Why it matters: Closing an account or transferring assets back out before the hold expires triggers a clawback. Read the hold language before initiating the transfer.

Example: Robinhood Gold IRA match requires a multi-year hold on the matched contributions before the match fully vests.

IRA match

A brokerage promotion that contributes a percentage match (commonly 1%, 2%, or 3%) on IRA contributions and/or IRA-to-IRA transfers. Match percentages above 1% usually require a paid premium-tier subscription.

Why it matters: A 3% IRA match on a $7,000 annual contribution is $210 of tax-advantaged growth — a meaningful boost compared to no-match accounts. Subscription and hold requirements determine the net.

Example: Robinhood Gold pays an IRA match on qualifying contributions and 401(k) rollovers, subject to a multi-year hold requirement.

Margin / Cash account

A cash account requires settled funds before placing a trade. A margin account borrows from the broker against pledged securities and supports short selling and other strategies. Margin accounts have additional regulatory requirements (PDT rules, maintenance requirements).

Why it matters: Some brokerage bonuses are restricted to specific account types. Margin accounts carry interest expense and liquidation risk if equity falls below maintenance requirements.

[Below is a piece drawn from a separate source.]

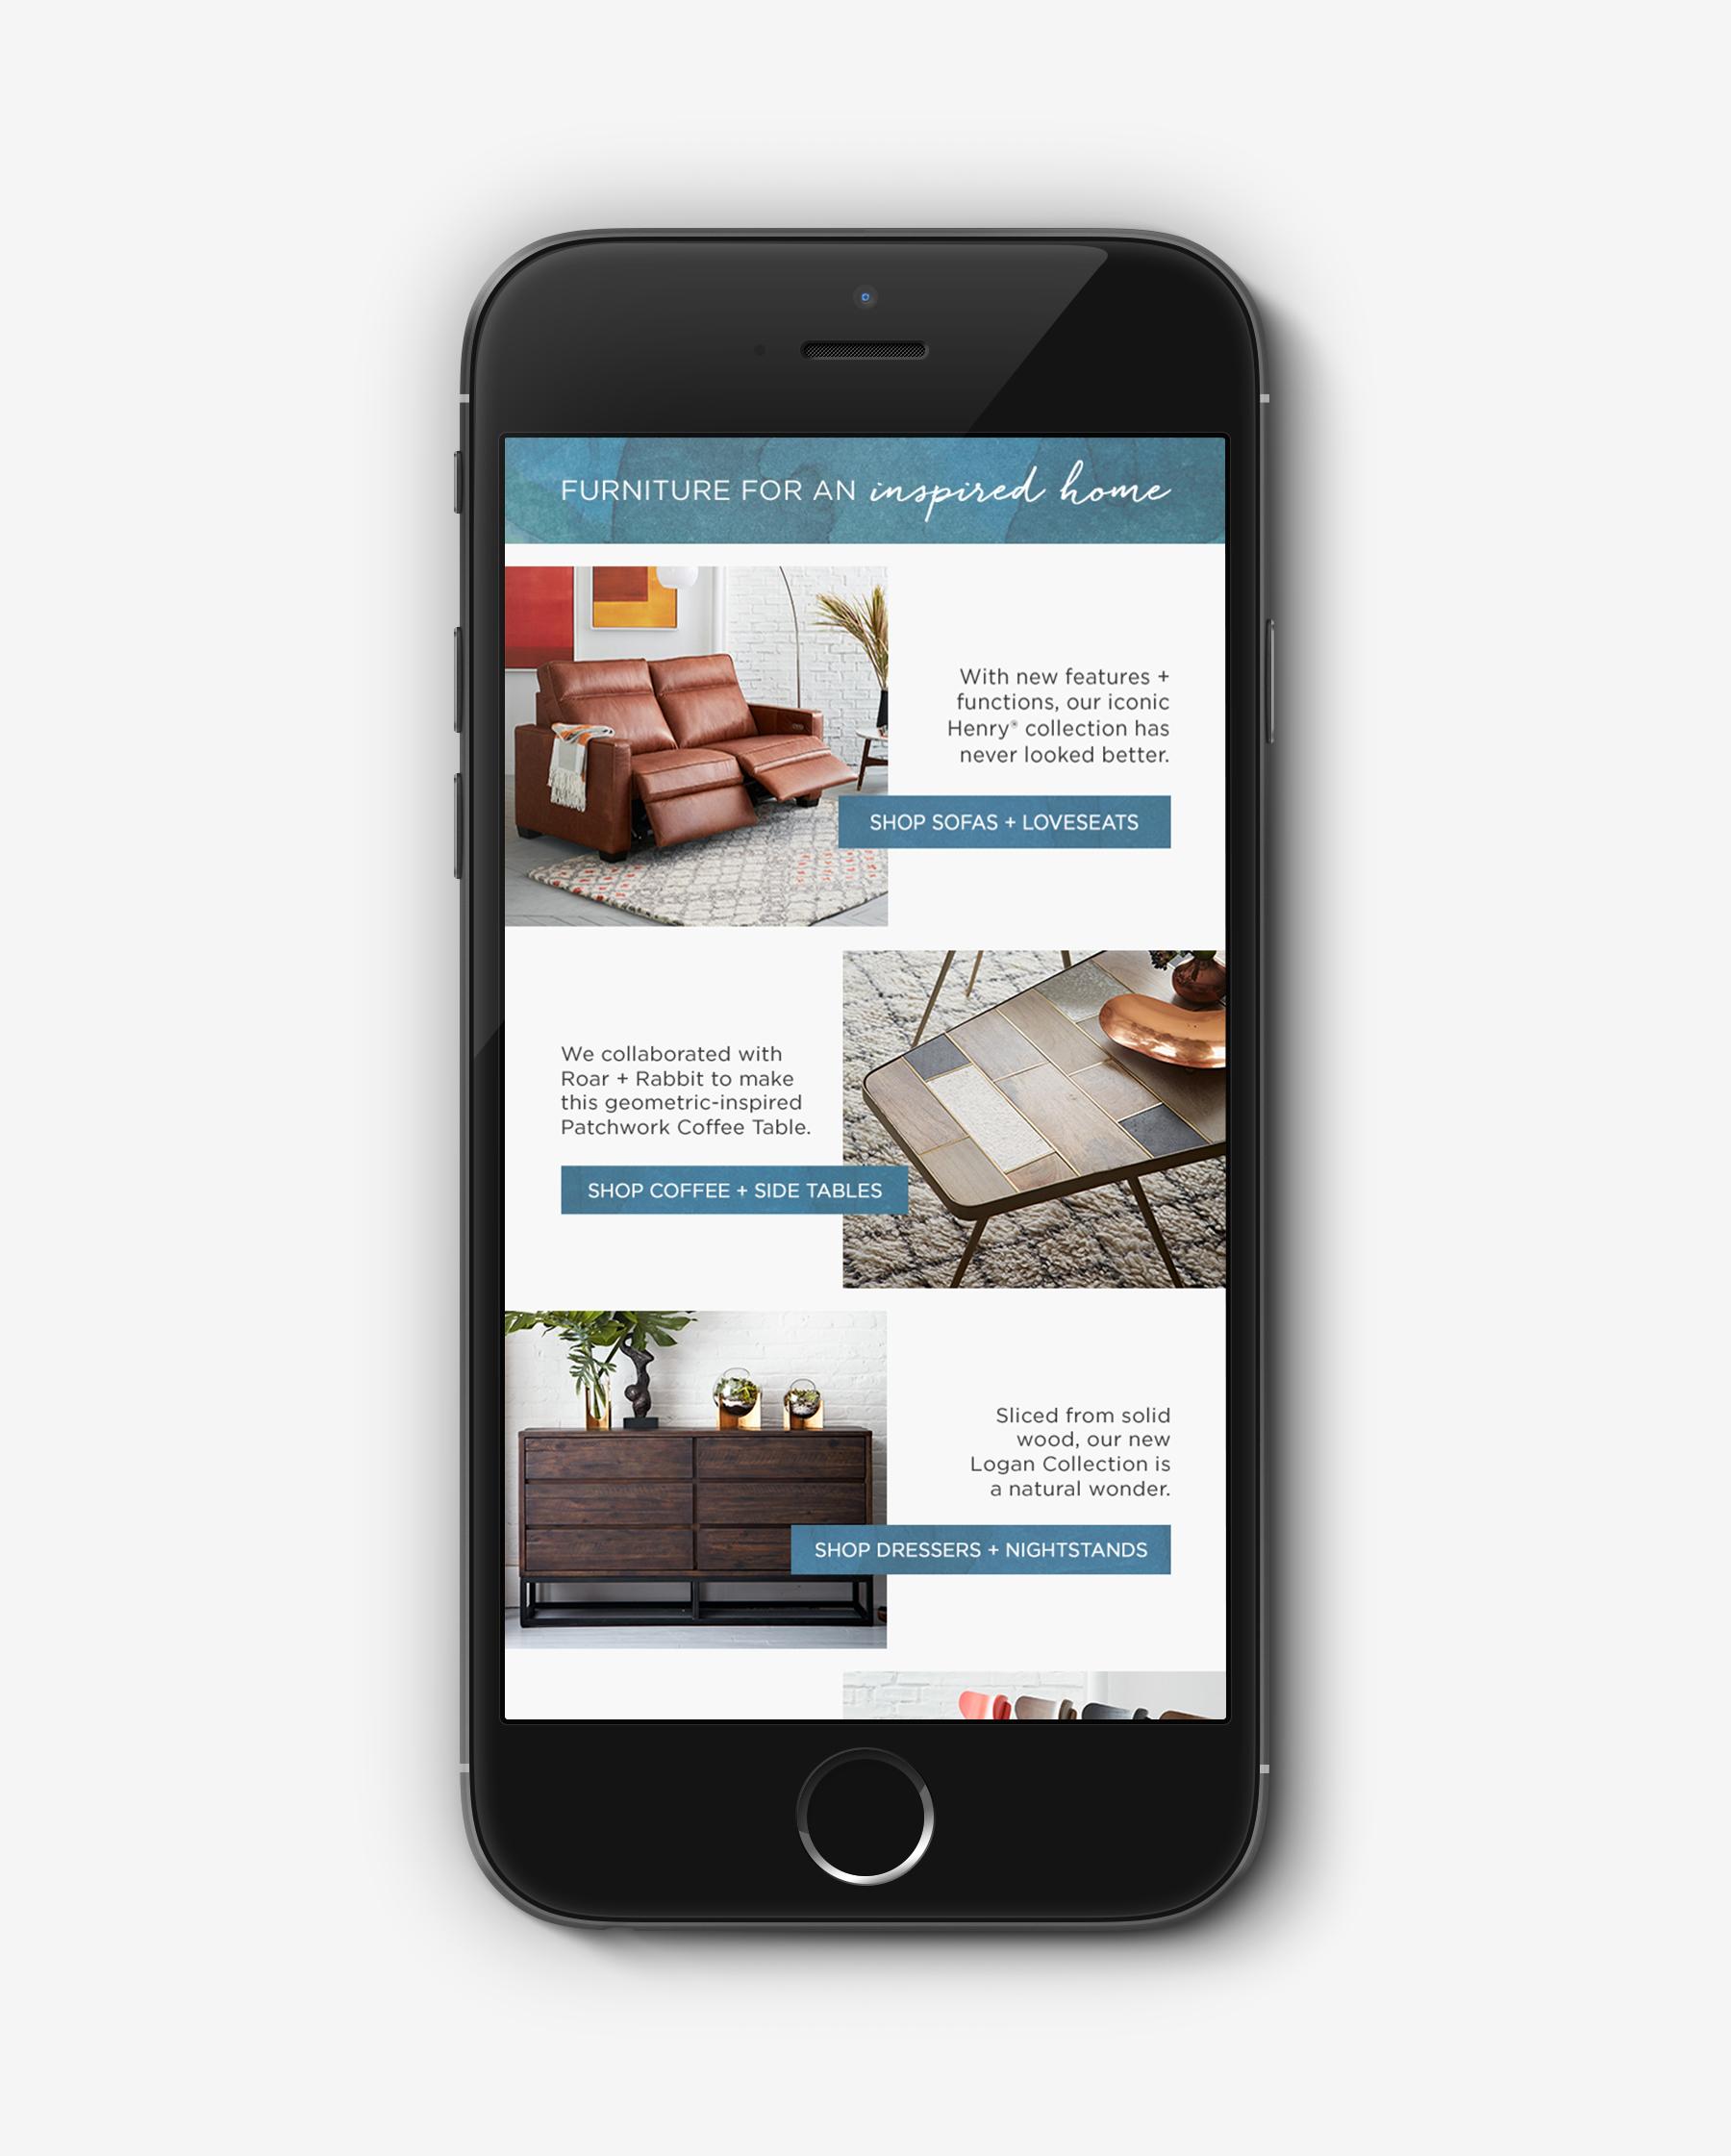 Furniture_Supercat_Mobile

Example: Robinhood Gold provides margin-account features as part of the paid subscription tier.

PDT (Pattern Day Trader)

A FINRA rule designating any margin account that executes four or more day trades in a five-business-day rolling window as a "pattern day trader," subject to a $25,000 minimum equity requirement.

Why it matters: A small-balance margin account can be flagged PDT and frozen for 90 days. PDT does not apply to cash accounts because cash trades are settled before the next round-trip.

Example: BB brokerage reviews note PDT exposure on margin accounts, especially for free-stock promo plays where users may try to sell the bonus share quickly.

SIPC (Securities Investor Protection Corporation)

A nonprofit member corporation that protects brokerage-account holders against losses caused by broker failure (not market losses). SIPC coverage is $500,000 per customer, including up to $250,000 in cash claims.

Why it matters: SIPC is not FDIC. It does not protect against market declines, fraud against the customer, or losses in non-covered products (crypto, certain alt assets). Always confirm SIPC membership before transferring large balances.

Example: Every BB brokerage review confirms SIPC membership and notes any non-SIPC-covered asset classes the broker offers.

Tax-loss harvesting

The practice of selling securities at a loss to offset realized gains elsewhere in the portfolio, reducing the current-year tax bill. Wash-sale rules restrict re-purchasing substantially identical securities within 30 days.

Why it matters: Tax-loss harvesting is the most common reason for high-volume ACATS activity in late December. Brokerage transfer bonuses that trigger ACATS can complicate harvesting plans.

Example: BB editorial does not provide tax-loss-harvesting advice, but does flag transfer-bonus timing relative to year-end activity.

Transfer bonus

A brokerage promotion that pays cash (or bonus shares) in proportion to the value of assets transferred in via ACATS from another brokerage. Common tiers: 1%, 2%, 3% of transferred value, capped at a maximum bonus.

Why it matters: Transfer bonuses are usually larger than deposit bonuses but require an existing brokerage relationship with sufficient assets to move. Hold periods of 12–24 months are standard.

Example: Robinhood Gold offers tiered ACATS transfer match bonuses on qualifying transfers from competing brokerages, subject to a multi-year hold requirement.

Vested vs. unvested

Vested bonus assets are owned outright and can be withdrawn or sold subject only to settlement rules. Unvested bonus assets are restricted — they cannot be withdrawn or transferred out and are forfeit if the account is closed before vesting.

Why it matters: A $1,000 unvested bonus tied to a 12-month account-retention clause is closer to a $500 promised payment than to $1,000 cash. Read the vesting schedule carefully.

Example: Brokerage transfer bonuses commonly require keeping the transferred assets at the new brokerage for 12–24 months before the bonus is fully vested and freely withdrawable.